The existing answers answer the complexity-class question very well, but don't point out the error in your question: Your space complexity is O(N), because you make a copy of the entire input (minus one char).
If your loop held onto the temp copy from every iteration, the space complexity would match the time complexity: O(N*M), where M is the length of the shortest prefix that contains a duplicate. (Or M = N
if there are no duplicates).
The pigeonhole principle ensures M <= 216 (the number of unique values a char
can have).
An optimization for any algorithm is to always return true if the input.length() > Character.MAX_VALUE
. (Or for codepoints, input.length() > Character.MAX_CODE_POINT
, which is 1114111)
If much of your input is ASCII, M will be more like 80 at most. Actually, most languages don't use many different codepoints, even if the range doesn't start at 0. Non-alphabetic languages can have a couple thousand glyphs, I think. But anyway, the point is, it's useful to check for repeats in the early part of the string, rather than doing anything that scans the entire potentially-huge string if the first character happens to be unique.
Spoiler: adding characters to a Set is the best way by far to find repeats. O(M) time and space, with low constant-factor overhead.
Besides performance, keep in mind that Java char
s are utf16, but some Unicode codepoints have a multi-char encoding. It's really unfortunate for Java that it got the worst of both worlds: doubled space usage compared to utf8 for ASCII, but still having to deal with multi-element "characters". When Java was designed, 16bits was enough to hold any Unicode character, so utf16 did avoid the difficulties of multi-byte character encodings like utf8. Wide characters were popular for a while, and maybe still are on Windows, IDK. Unix / POSIX / Internet protocols have pretty much standardized on utf8 for everything.
It looks like the best way to iterate over codepoints is with
int cp = str.codePointAt(pos);
pos+=Character.charCount(cp);
Looping i=0..N and doing codePointAt(i)
would probably have to scan from the beginning of the string every iteration to find surrogate pairs. A smart JVM might notice the redundancy and optimize, but I wouldn't count on it.
Analysis of the original algo
This basic design, of looping over every character, and checking all the other characters, makes sense and is easy to think of. There's a lot of redundant work (checking both a==c
and b==c
when we already know a!=b
), so it's going to be O(N2) (see below for a diff algo), but we can implement it with a lot less constant overhead than your version.
i
is very cheap. There are so many ways to avoid re-copying the string every time:
copy it once to a char[]
array, and take the current char out of consideration by modifying it. (eg c = tmpbuf[i]++;
search tmpbuf
for c
, tmpbuf[i]--
).
Copy it once into a StringBuffer, and modify the current position like in step 1 with buf.setCharAt(int, char)

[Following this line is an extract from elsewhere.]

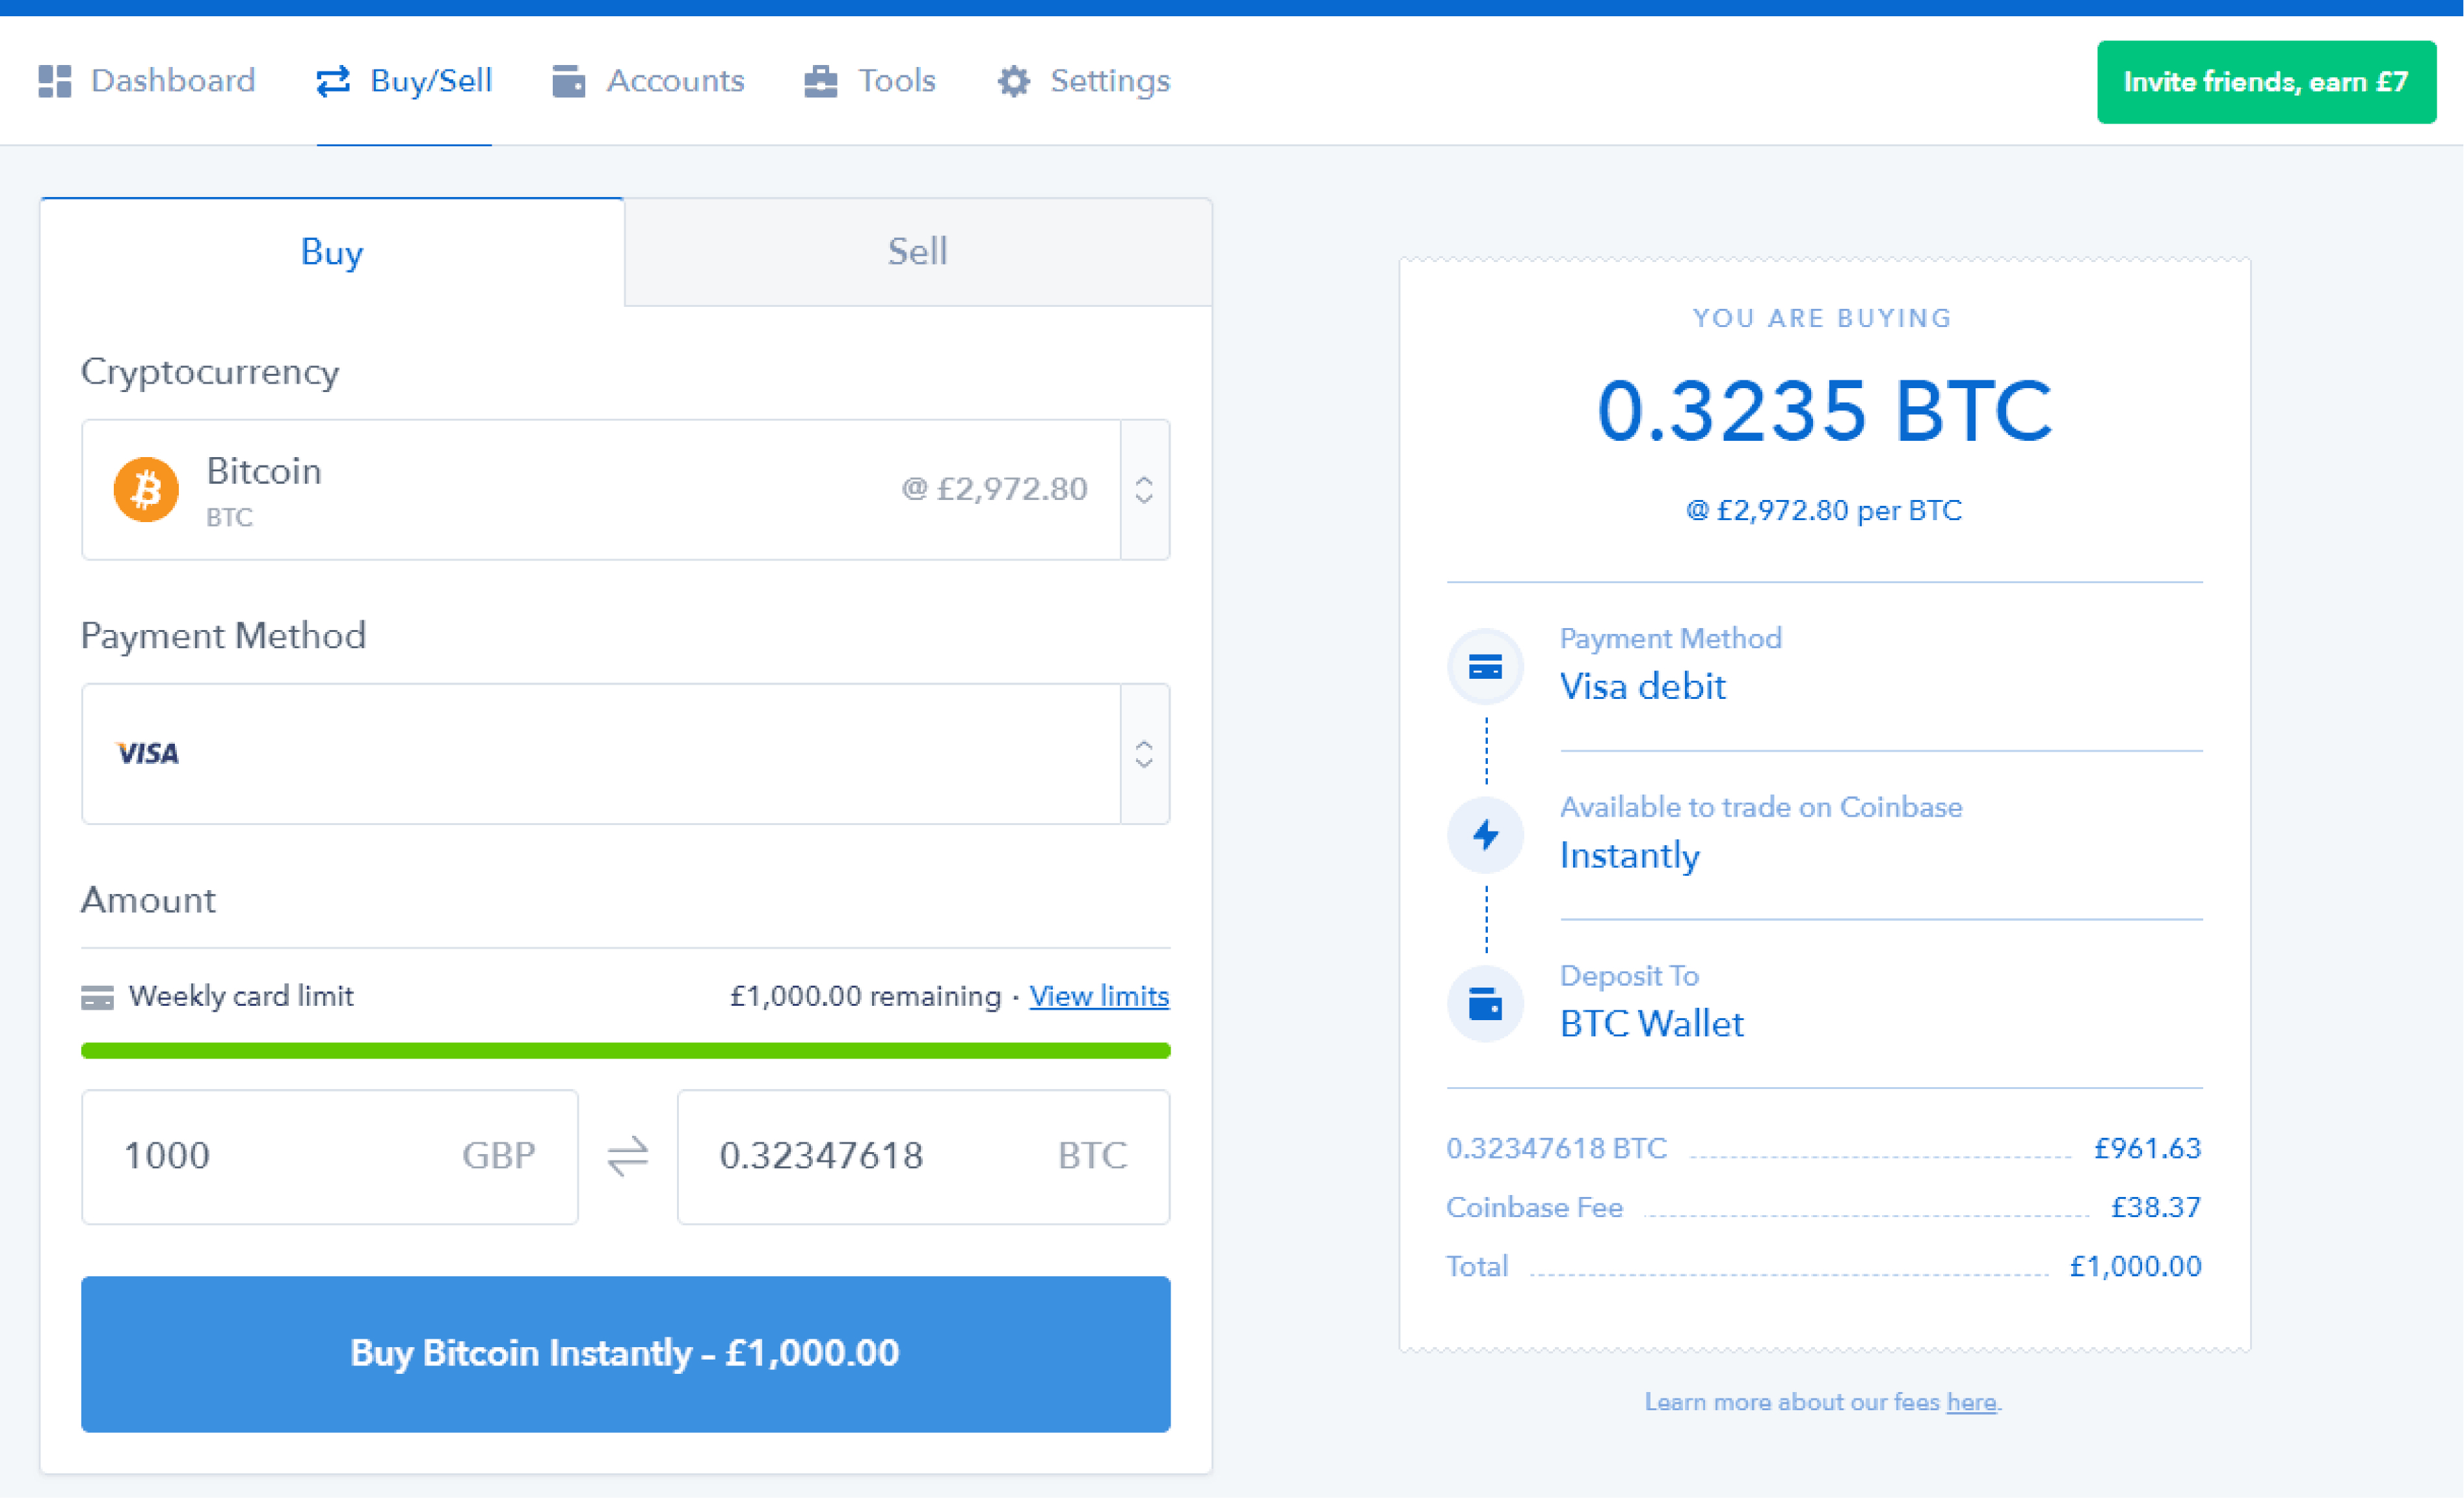 cant log into my coinbase account

. Then you can use StringBuffer.indexOf()
like you were doing before. Hrm, only String
has specializations of indexOf for single chars, so .toString().indexOf()
might be better. Same goes for StringBuilder: only indexOf(String)

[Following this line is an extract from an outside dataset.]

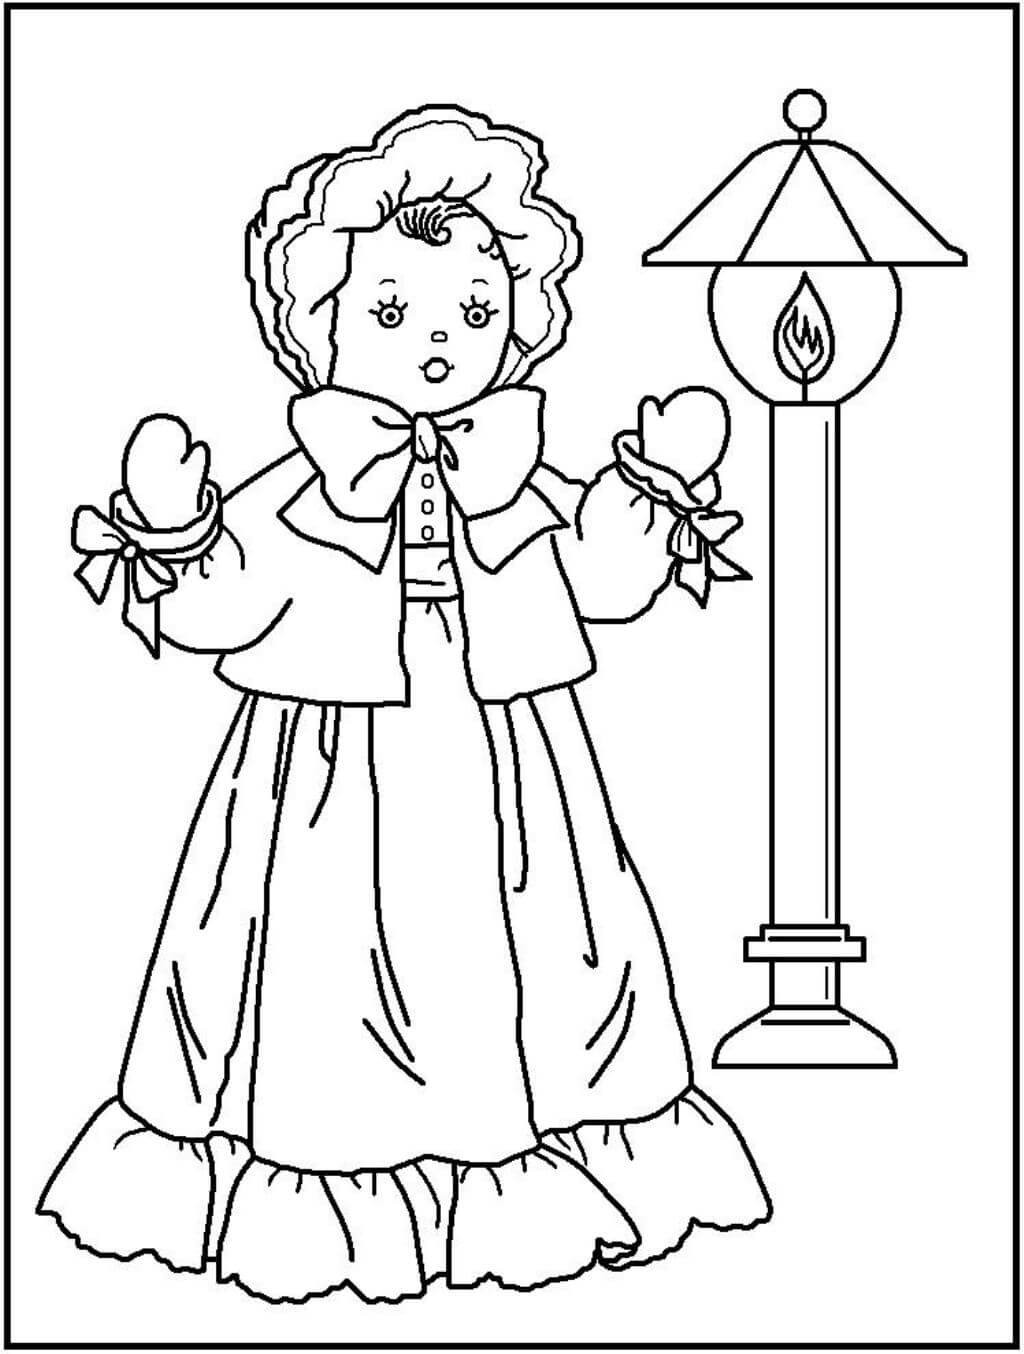 Free American Girl Coloring Pages
 Coloring Pages American Girl Doll

. (Don't be tempted to use deleteCharAt() and insert(), because they're probably implemented by shuffling the remaining elements).
Since the main library-function suggestion for array searching doesn't work on arrays of primitive types (like char
), you could just loop manually and skip i
. Depending on the JVM, looping over the input string manual with charAt
might be just as fast.
Use one of the multi-arg versions of indexOf
: String.indexOf(int ch, int fromIndex)
to search from the beginning (expecting the search to stop at position i
), and then from i+1
(expecting a not-found).
Use String.lastIndexOf(int ch)
to search backwards. Expecting it return i
. Or use lastIndexOf(ch, i-1)
to search backwards towards the beginning of the string, and indexOf(ch, i+1)
to search forwards.
p.indexOf(c, i+1)
is the most obvious choice. Doesn't stop very quickly if there is a duplicate pair early in the string. If performance for large N and small M matters, searching only the characters from 0 .. i-1 won't every touch the memory holding the input characters beyond the first repeat. In the no-match case, you're just doing at the start what happens at the end of the other algorithm.

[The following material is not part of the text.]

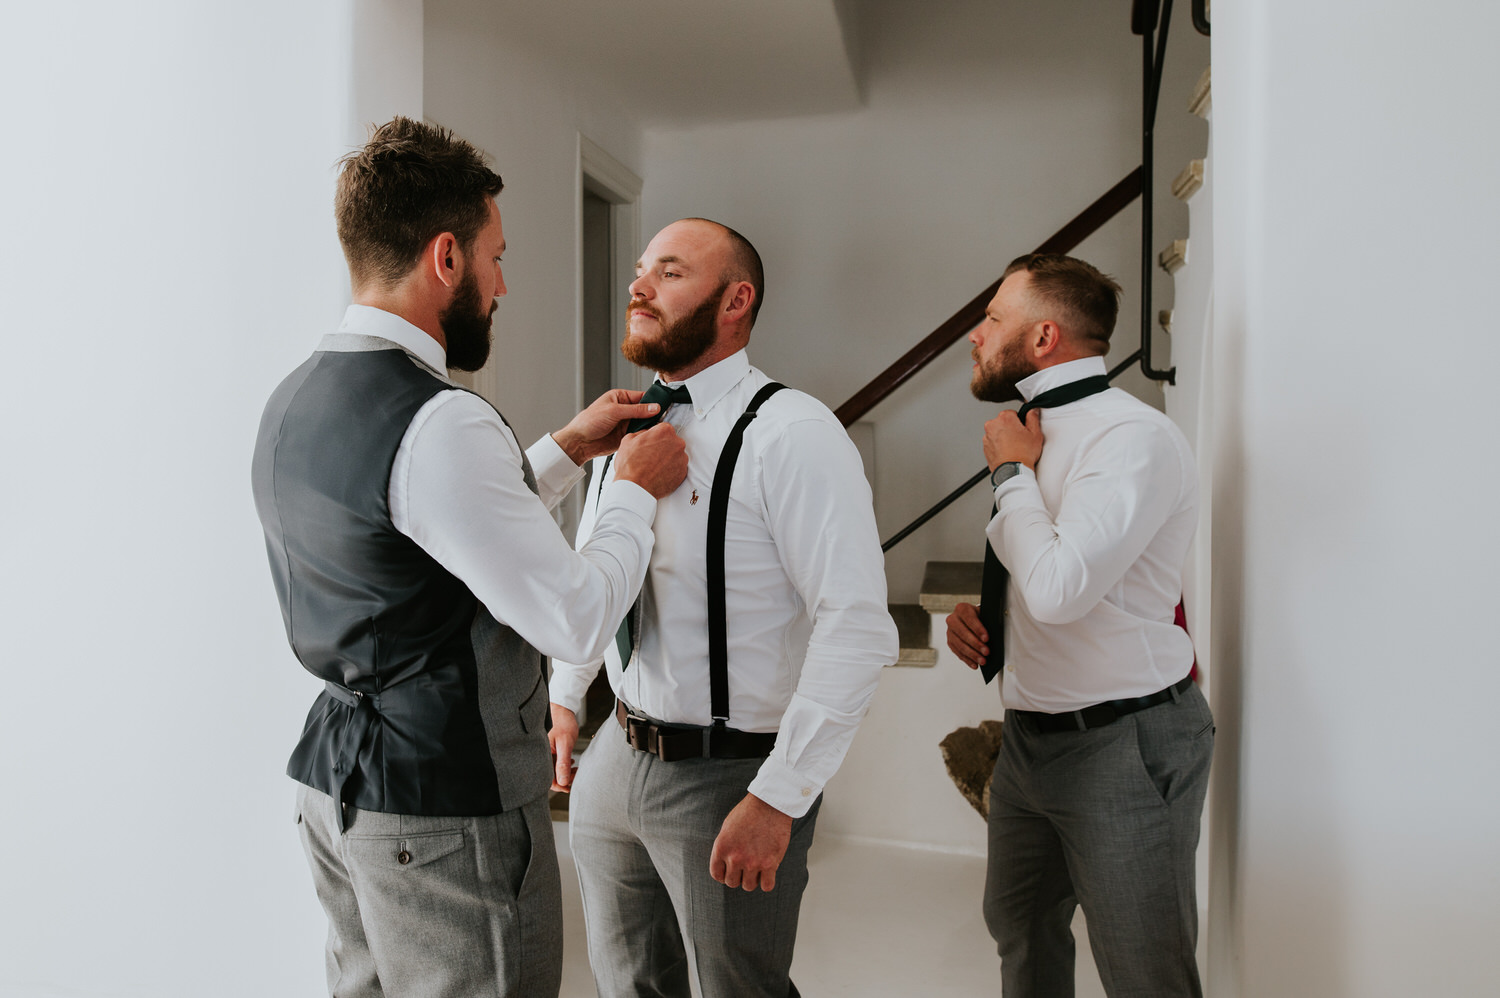 Mykonos wedding photographer: handsome groom helping his best man with the tie as they get ready.

ASCII text input is probably going to be very common, and there are only about 100 different ascii characters, so there will very often be a repeat somewhere in the first 100 chars. However, the first few characters may not be one of those duplicates.
An even better quickstart might be pick a tunable parameter like 256 or something (much smaller than CPU cache, but plenty big enough to have repeats), and search out to that point before starting to look at the whole array.
final int fastlen = 256;
int i=0;
while (++i < fastlen) {
char c = p.charAt(i);
if (p.lastIndexOf(c, fastlen) != i) return true;
// maybe lastIndexOf(c, i + fastlen)? We're going to repeat work anyway, so what's a little more?
}
// i == fastlen if we haven't returned yet
for ( ; i < N ; i++ ){
char c = p.charAt(i);
if (p.lastIndexOf(c, fastlen) != -1 ||
p.indexOf(c, i + 1) != -1 )
return true;
}
You could probably get even more sophisticated, and keep working in blocks, but let's stop optimizing there because the whole algorithm is fundamentally slower than it needs to be.
A better algo
We can actually do it using O(M) temporary storage and O(M) time
for (final char c : myarray) { // loop over chars
// add c to a HashSet<char>. If it was already present, return true
}
return false;
You can speed this up even more by using a simple array for the ASCII range, and a HashMap only for c > 127
. See my answer on a question about finding the most frequent character. This will work with Unicode codepoints. I don't see a String.indexOf(int codepoint)
, so the search-based methods might have to use indexOf(String str)
, which may be slower.
A bitmap is also an option for implementing a Set that detects repeats. 2^16 bits is only 2^13 bytes, so you could test and set bits in an 8k bitmap until you found one that was already set. (This approach isn't good for codepoints, though.)
Alternative: Get the char array out of the string. Sort it. Then loop through, looking for buf[i] == buf[i-1]
. This is O(N log n), though, and will be much slower than using a hashset. (The Hashset method is like doing a RadixSort or BucketSort and detecting duplicates on the fly).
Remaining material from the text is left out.